Usage: Computer platform is rarely used except to define the term. The use of platform emphasizes the operating system environment. The term server can be ambiguous because server can refer to a computer platform as defined here or to a class of software (such as Microsoft's SQL Server) which performs a type of service that is used by other software.

Related concepts: client / server architecture, cloud server, client software.

Currency Date

The date the data is considered effective or up-to-date. It is also know as the "as of" date or temporal currency. In data warehouse terms the currency date is also the extract or refresh date.
Related concepts: Data Currency, Temporal Currency.

Data Cleansing

The process of checking for data quality problems and attempting to resolve (or at least reduce) them. Removing errors and inconsistencies from data being imported into a data warehouse.
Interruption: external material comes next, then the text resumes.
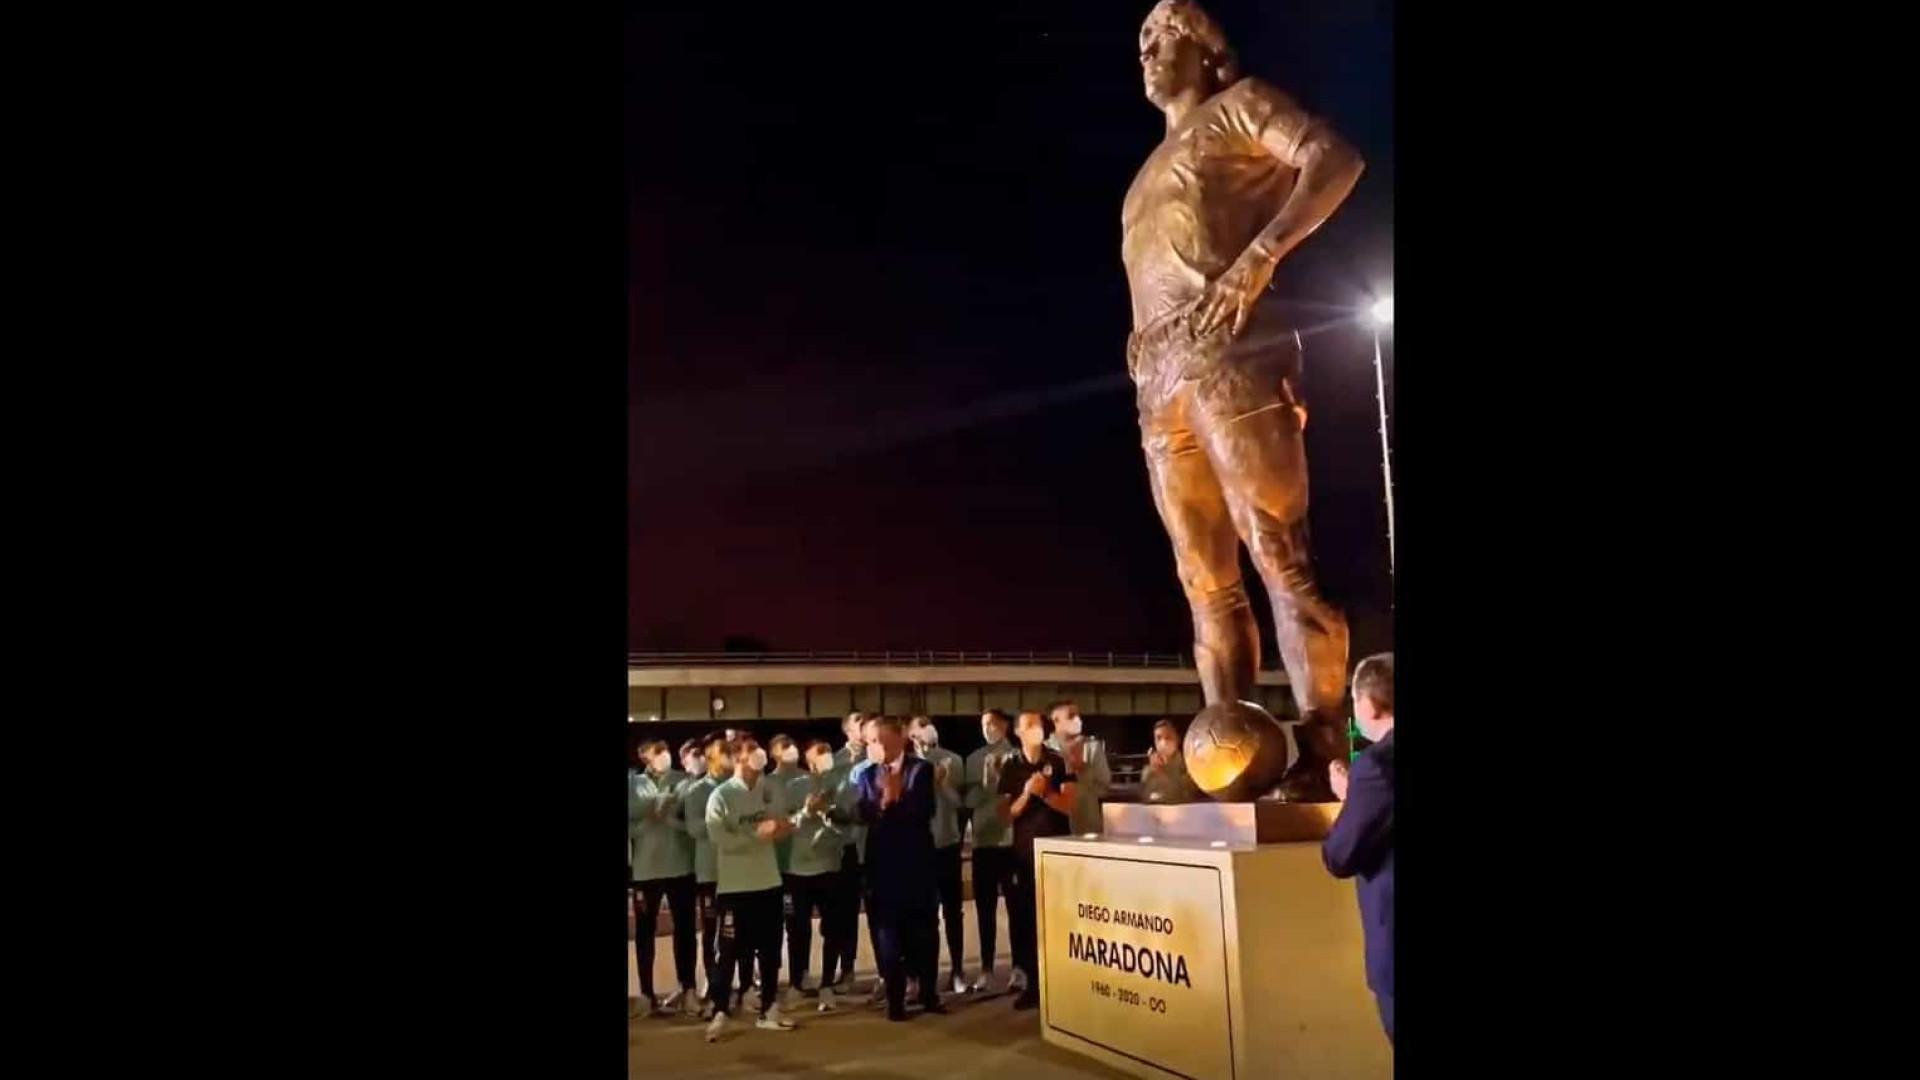 Messi inaugura estátua de cinco metros de Maradona

As one aspect of data transformation, data cleansing looks for data that is correct, unambiguous, consistent, and complete. Data cleansing can be applied to source databases and the data warehouse data via the data transformation step of the ETL process.
Related concepts: Data quality assurance.

Data Connection

The service provided by a Data Connector. The process and technology that connects the ETL to a data store and thus allows the ETL read and write data to and from databases, source data, data warehouses and other data stores such as Microsoft Excel workbooks (spreadsheets).

Data Connector

Software used to connect to data and thus creates a data connection. See data connection for more information. Examples of data connectors include ODBC and the data source types seen in the Import Table Wizard.
Data Connectors use the information (metadata) stored in a data to establish the connection to a data store.

Data Transformation

The transformation step of the ETL acronym. The general term for a set of operations that manipulate your source data and transform it into DataSelf's data warehouse. your data Some would say that transformation is the step where ETL can add the most value. Data cleansing is one aspect of data transformation.

Data Source

Loosely the term refers to a connection to source data. The phrase also refers specifically to the configuration information (a type of metadata) that specifies how a data connector shall to connect to data. This data or data store may be, but is not limited to, source data in a file, a source database, or a data warehouse.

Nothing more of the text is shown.